Selten berührt Musik unsere Seele so tief im Innern, dass sie uns im selben Augenblick fröhlich und doch nachdenklich stimmt. Es ist die bewegte Lebensgeschichte des Singer/Songwriters, die uns heute seine wundervolle Musik beschert. Das Licht der Welt erblickte der Eritreer in Ägypten. Aufgewachsen in Italien und Deutschland, gewähren uns seine Texte heute tiefe Einblicke in die Seele eines Menschen, der viel erlebt hat. Er selbst nennt seinen Stil ‚Urban Folk’. Doch wer seine Lieder hört, merkt schnell, dass FETSUM aus einer Gesamtheit von Einflüssen aus Soul, Rhythm and Blues, Jazz und Reggae schöpft, um daraus seinen eigenen Klang zu kreieren. Als Opening Act für Patrice, K’NAAN, Cassandra Stehen, Peter Fox und SÖHNE MANNHEIMS begeisterte Fetsum ein großes Publikum in ganz Deutschland und der erste von ihm geschriebenen Song ‚Sei Tu’ erschien auf  Max Herres Album. Zur Zeit arbeitet er an seinem eigenem Debü.

 

Les RefugiesLES RÉFUGIÉS (zur Website)

Kurz nach den Protestaktionen gegen die Einführung der Ein-Euro-Jobs im Oktober 2006 die Band “Les Réfugiés”. Mit ihrer Musik (Afrobeat, Reggae, HipHop) und ihren Texten verarbeiten sie ihre Erfahrungen mit der tristen und menschenfeindlichen Realität des Lagerlebens und der Unsicherheit ihrer Existenz.

 

Cross BeatboxCROSS BEATBOX (zum MySpace-Profil)

Der 21jährige Cross Beatbox (gebürtig Rami Mardnli) mit libanesisch/syrischen Wurzeln absolvierte seine ersten Auftritte im Jugendhaus Berlin-Kreuzberg, wo er auch seinen Namen “Cross” bekam (als einziger Rechtshänder). Cross´ große Leidenschaften sind das Rappen, Beatboxen und die Bühnenshow, auf der er sein großes Talent als Entertainer ausleben kann und es immer wieder versteht, sein Publikum mitzureißen.
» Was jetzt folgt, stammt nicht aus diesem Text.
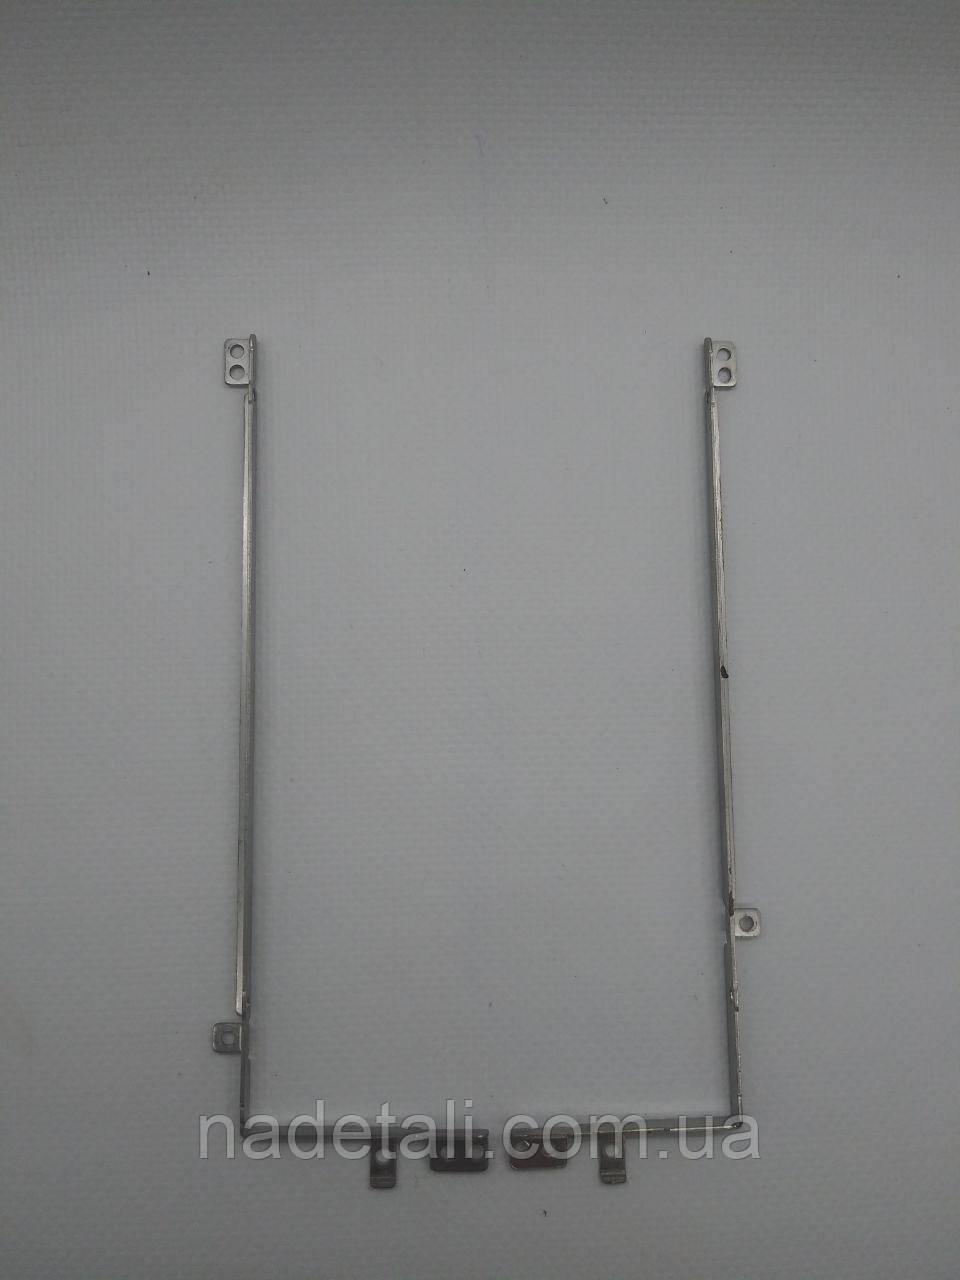 Стойки Asus Eee PC 1015PN 13GOA2910M080-10 13GOA2910M09X-3X

Sein Können bewies er bisher als Support-Act bei der Culcha Candela-”Hamma”-Tour 2007 und 2008. Weiterhin konnte er sich auf verschiedenen HipHop-Veranstaltungen und als Vorgruppe von Aventura, Sean Paul, Tommy The Clown u.v.a. beweisen und überzeugte als Aftershow-Act der Black Eyed Peas und bei einem Konzert mit Latino Force.

 

DJ San GabrielDJ San Gabriel (Live Demo / HipHop don’t stop)

Der Berliner DJ San Gabriel aka Deejay Brother G legt seit 1988 in Clubs und auf Veranstaltungen in ganz Europa auf. Er vertritt ein eklektisches Musikverständnis, das durch seine Arbeit der letzten 15 Jahre aus einem äußerst reichhaltigen Reservoir schöpft und eine bunte Mischung von Stilen umfasst. Auf seinen Plattentellern finden sich HipHop, Reggae, Dancehall, Latin, RareGroove, Disco, Funk, House, Garage, Electro, Drum & Bass einträchtig nebeneinander. San Gabriel ist ein “crowd-friendly” DJ und spielt nicht nur in den angesehensten Locations Berlins, sondern ist auch in den Clubs von Hamburg, Köln, Frankfurt, München, Zürich, Prag, Budapest und Tel Aviv zuhause. Große Events wie Berlin Love Parade, Zürich Street Parade und Miami Winter Music Conference hat er ebenfalls bespielt. Neben seiner DJ und Produzententätigkeit ist San Gabriel aber auch als Veranstalter der “liveDEMO”  und der Hip Hop Dont Stop Party in Berlin bekannt.

 

Soca TwinsSoca Twins (zur Website)

Die Soca Twins aus Berlin sind nicht nur Deutschlands führende Soca DJs, sondern gelten auch als eines der weltweit besten Soundsystems, wenn es um Soca Musik geht. Auch im karibischen Heimatland der Soca Musik, Trinidad & Tobago, sind sie berühmt und berüchtigt für Ihre Sets. Sie spielten bereits beim Carnival, bei Großveranstaltungen, in diversen Radiosendungen und gaben zahlreiche TV-Interviews. 2008 waren sie die ersten Europäer, die internationale Anerkennung im Soca Business in Form eines Awards erhielten.